Thomas jumped out of his chair. There was a man there, to the right of the screen, staring open mouthed and eyes wide and teary, sitting on the same couch, right across from him. The man had a portly resemblance to himself, but twice as useless. The man must’ve been much older, in his sixties and probably didn’t leave the house much. This couldn’t have been a channel. Who would watch this? And then he realized. This was the same living room from before. A burned-in image…? How could an entire room be burned in? But no, the image was moving. The overweight man with stubble was breathing, although slowly.

The weight of what he was seeing struck him like a knife to the chest. All the pain in that dull face, drooling and numb, coalesced into a laser beam that burned Thomas’ eyes and soul. He saw for the first time a man who was worthless and dead inside, stuck on the couch, forever forced to watch his life away, watch the mind-sucking channels like a substance abuse junky or a hypnotized mental patient. How worthless…

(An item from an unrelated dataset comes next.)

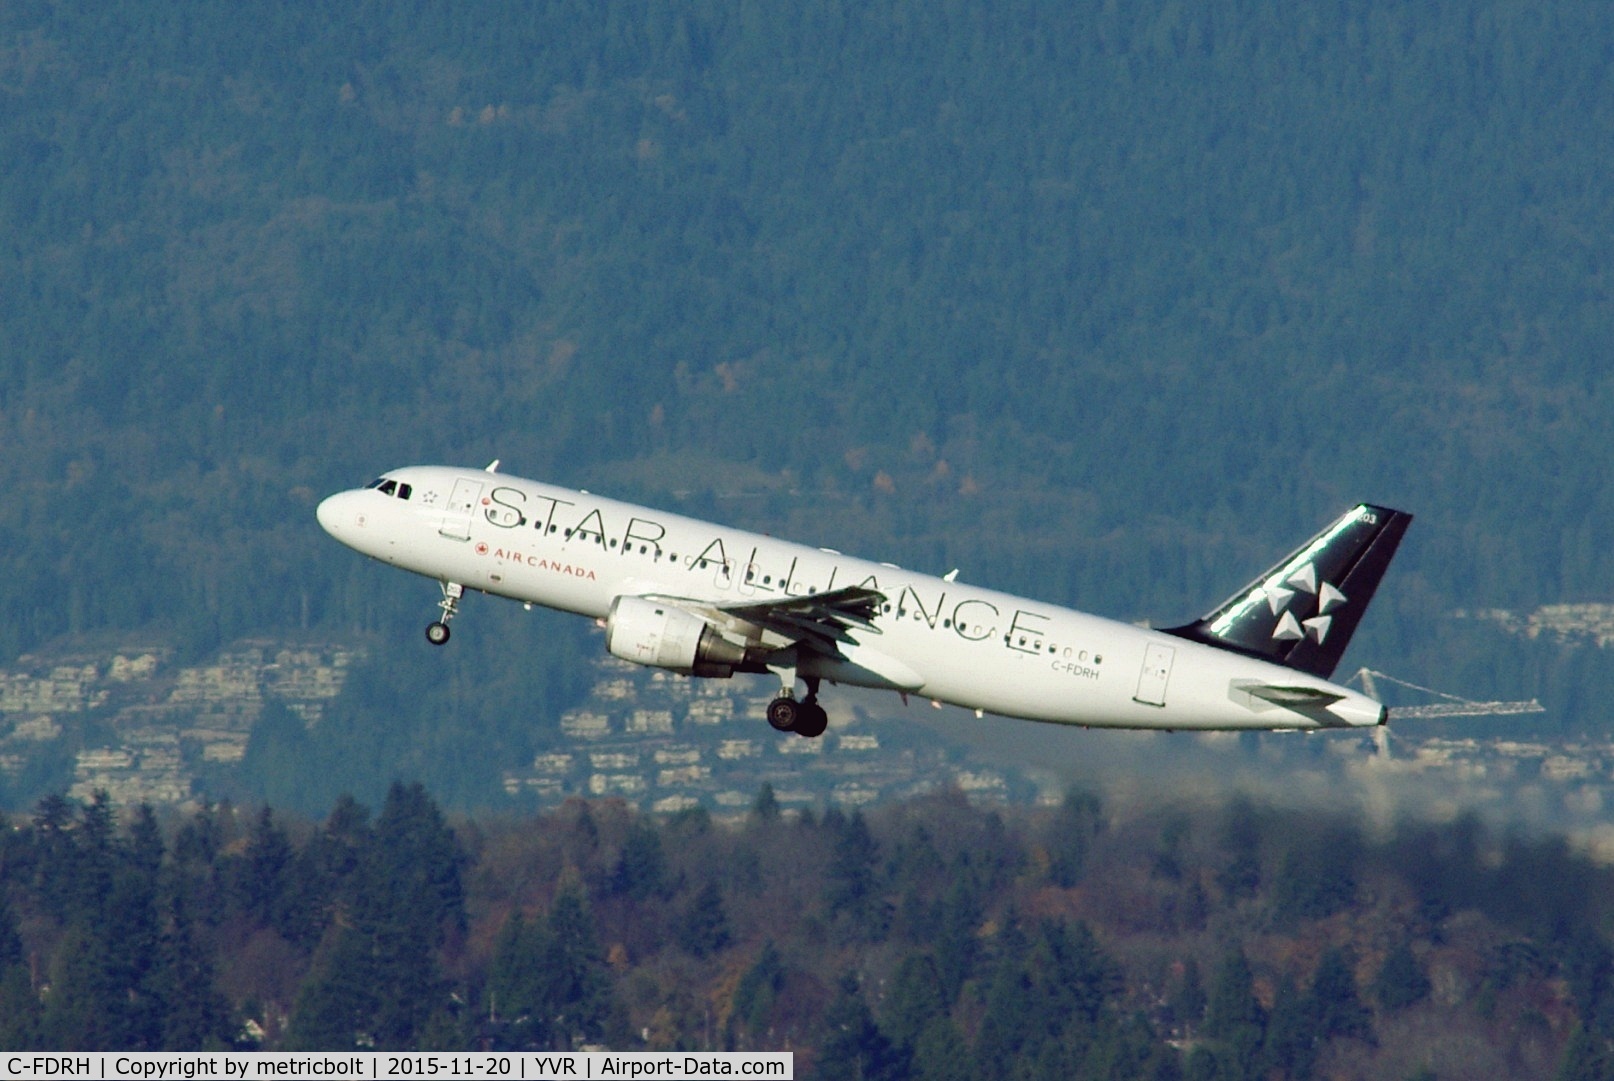 C-FDRH, 1989 Airbus A320-211 C/N 073, Departure from YVR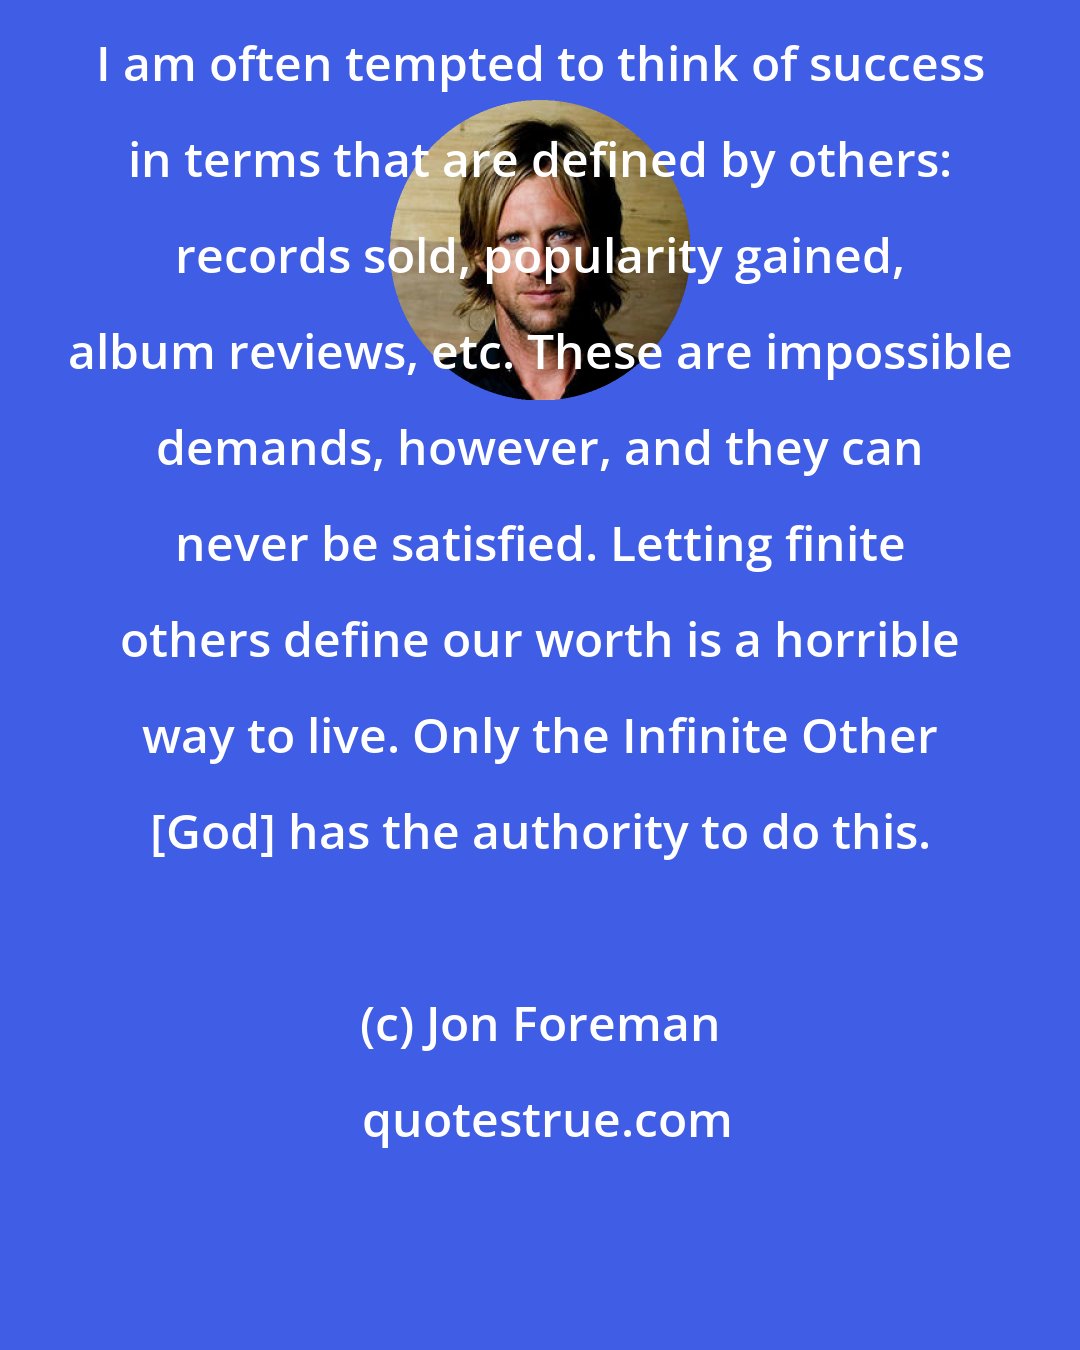 Jon Foreman: I am often tempted to think of success in terms that are defined by others: records sold, popularity gained, album reviews, etc. These are impossible demands, however, and they can never be satisfied. Letting finite others define our worth is a horrible way to live. Only the Infinite Other [God] has the authority to do this.

The blotch was over the face and become darker, more pronounced. The man’s face grew darker, rotting there on the screen. Thomas couldn’t take anymore and pushed the power button the remote. It didn’t work. He smacked it on his leg. It didn’t turn off. The eyes grew darker, wider and bigger –black holes burning into his soul. He froze. He couldn’t move. He wasn’t sure if the eyes were drawing him in or if he even wanted to move. Numbness took over his body. They bore into him. Those black, hollow eyes…Tears streamed down his face as he questioned his own pointless existence. He couldn’t escape, trapped in this moment of focused attention, not sure if he was staring at the TV or if he was trapped inside the TV. But he didn’t care. Not anymore. Nothing mattered. He continued to stare at the man’s face. Nothing was left. Staring, staring, and staring, for eternity.